Where does jealousy fit in your relationship? Is it experienced in a constructive or destructive way?

Both men and women are wired to be jealous as a solution to the problem of reproduction and survival.

In prehistoric times man had to keep his partner from sexual activity with a rival to ensure ownership of offspring.   Women physically “know” their own children.  The women needed to keep their man’s attention and love from a rival to ensure protection and survival.

In studies of men and women in sexually committed relationships, men reacted with more jealousy to sexual infidelity, and women responded with more jealousy to emotional infidelity—the thought that their partner could “love” someone else is the most upsetting aspect of betrayal for women.

If you find that you are often feeling jealous about your partner but there seems no legitimate reason that your partner has given to make you feel this way, you may want to self-reflect.

Too often we turn the focus on the object of our love rather than our own capacity to love.

  • Are you secure in your capacity to love your partner in a way that makes both you and your partner feel loved, liked, desirable and secure?

  • Are you threatened about the connection your partner has with work friends, neighbors, or teammates?

  • Is your worry driven by your own feelings of self-criticism, boredom, or discontent?

  • Are you overly fatigued since the baby, lonley after retirement, isolated from working from home? Does your partner know?

It is understandable that all of the above may lower your confidence and increase your possessive worry about losing your partner to another.

While most of us have a built-in denial of the possibility that someone we love could be betraying us, it is sometimes hard to ignore the persistent feeling that “something is just not right,” and that “someone” is between you.

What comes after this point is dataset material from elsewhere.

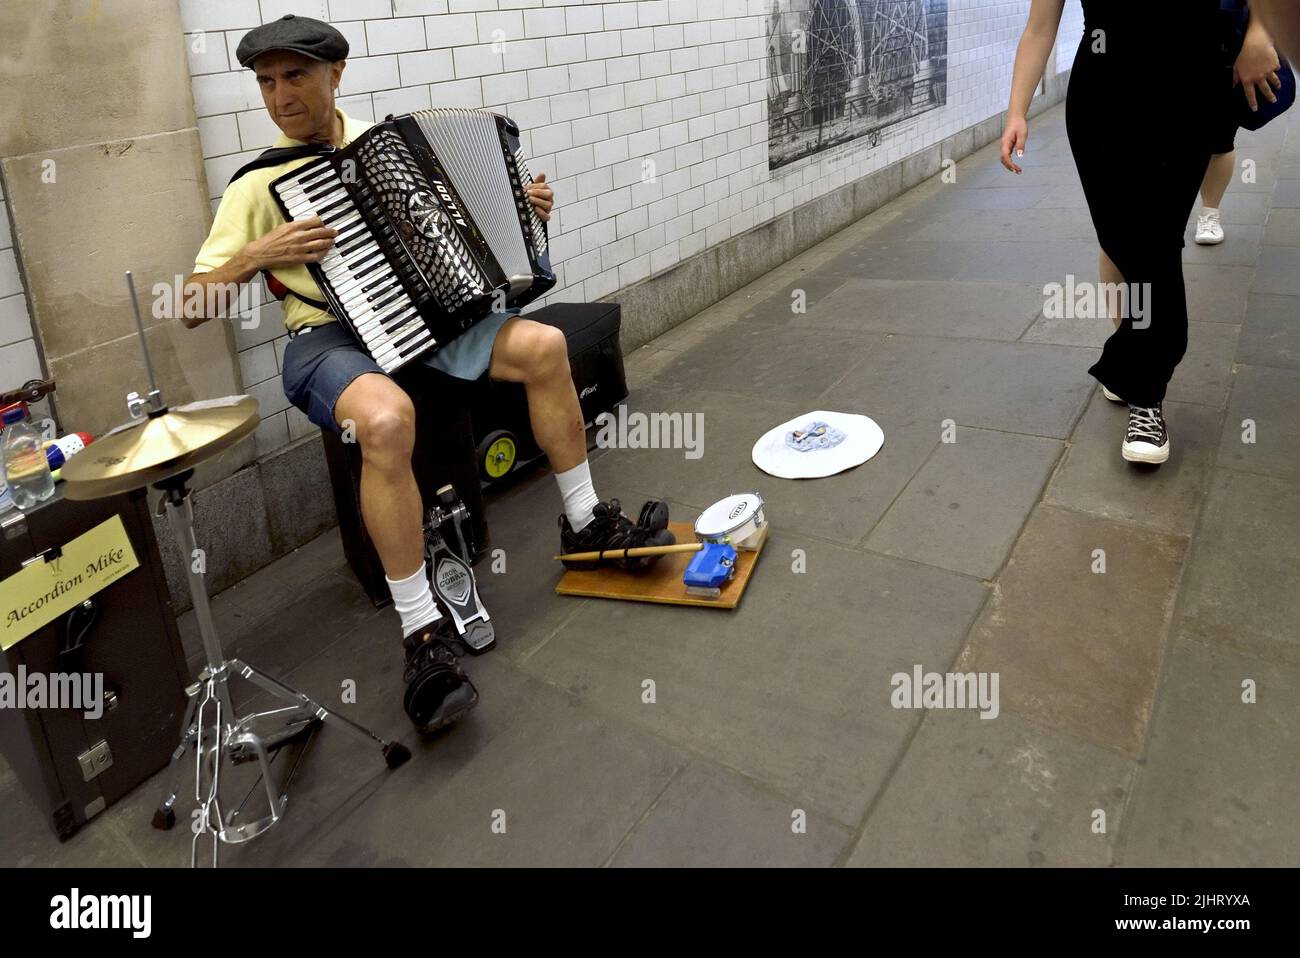 Londres, Angleterre, Royaume-Uni. Busker jouant à l'accordéon dans un tunnel piétonnier sous le pont Blackfriars, sur la rive sud Banque D'Images

  • Some People React Indirectly: They use avoidance, negative digs, criticism about other things, even competitive flirting-none of which invites clarity or more closeness with the partner.

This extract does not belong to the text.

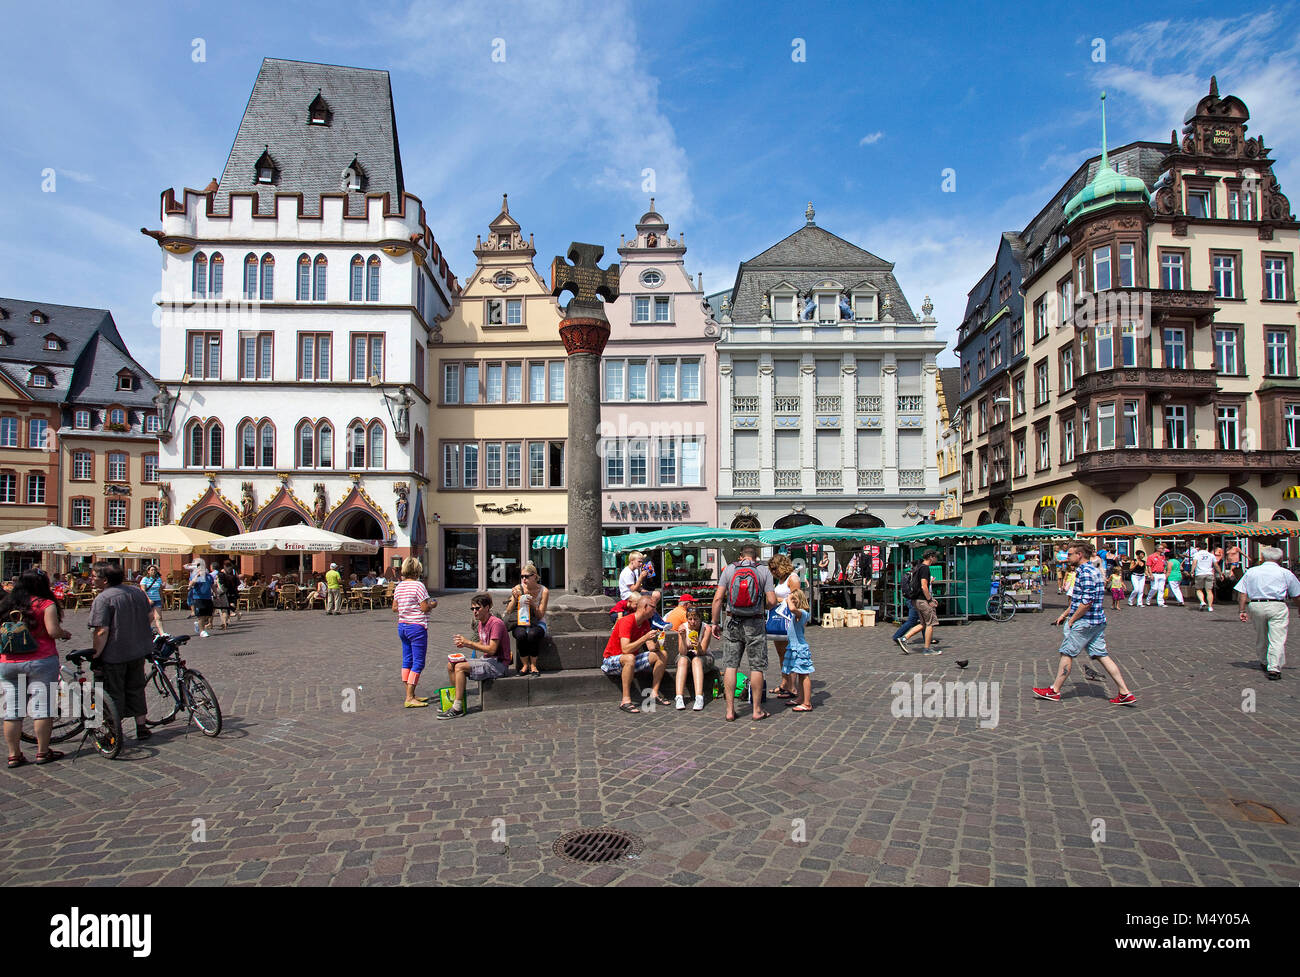 La vida de la ciudad en el principal mercado, mercado cruz, Trier, Renania-Palatinado, Alemania, Europa Foto de stock

  • Some Gather Evidence And Outside Supporters: They try to ease the fear of loss. This is understandable, as people often need a sounding board; but oversharing with many people can complicate the reality and the bond you need to examine and possibly re-build.

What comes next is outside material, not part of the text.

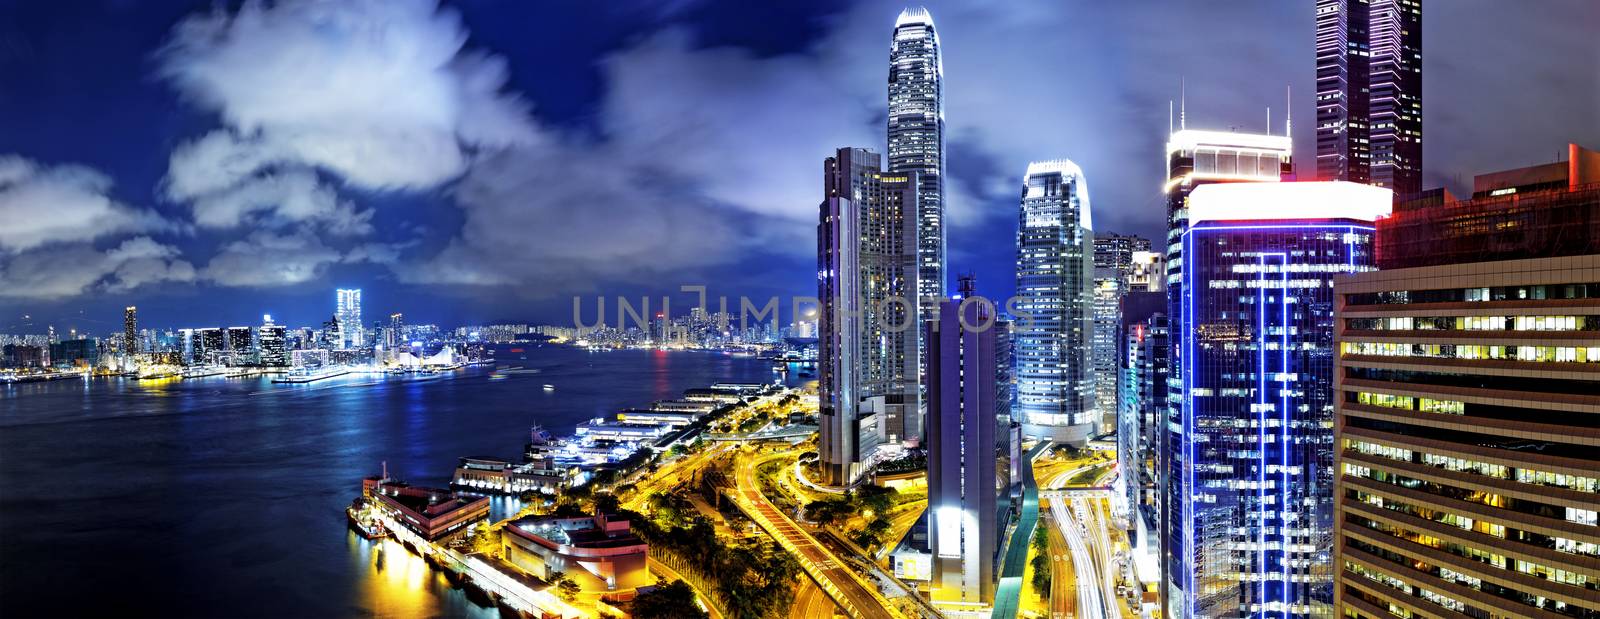 Hong Kong Skylines at finance zone at night

  • Some Decide To Use Their Suspicion As A Point Of Information: They move in to reclaim the relationship and the intimacy.Sometimes, without too much said, their proactive efforts to involve the other, plan something different, etc., bring a reciprocal positive response. If the relationship regains life, they don’t look back. It does happen.

  • Most Confront the Partner: Confronting a partner with your suspicions and concerns can be frightening and disruptive. Some warn that if you don’t want the answer—don’t ask the question.

  • When confronting is done as a screaming accusation, it offers little besides making your partner a victim.

  • When confronting is met with stonewalling and deceit from a partner, it is a matter of time before you make the decision to do something or live in an unhappy way.

  • When jealousy is the collateral damage of a partner’s earlier betrayal, confronting it again can be a source of pain and contention for both or an opportunity to remind each other of what is different now, what was learned, and what amends were made.

  • When confronting makes dialogue possible, it can be a step toward evaluating, repairing, or rebuilding the bond.

However stirred, when jealousy becomes obsessive vigilance and threatening possessiveness that keeps you and your partner from living in a free and healthy way, it is toxic to any relationship.

  • If your partner has no freedom to choose to be with you—you don’t have a partner, you have a prisoner.

  • If you can’t help endlessly checking-up on your partner, you are not relating—you are stalking.

  • If, on the other hand, you continue to betray your partner while accusing him/her of jealousy—take stock of your need to be falsely connected at the cost of hurting everyone else.

  • If you are staying in a relationship built on fear of loss to a rival, the relationship may have little to do with love and much more to do with a lack of real connection and happiness.

Professional help and outside support are necessary and crucial resources for both partners.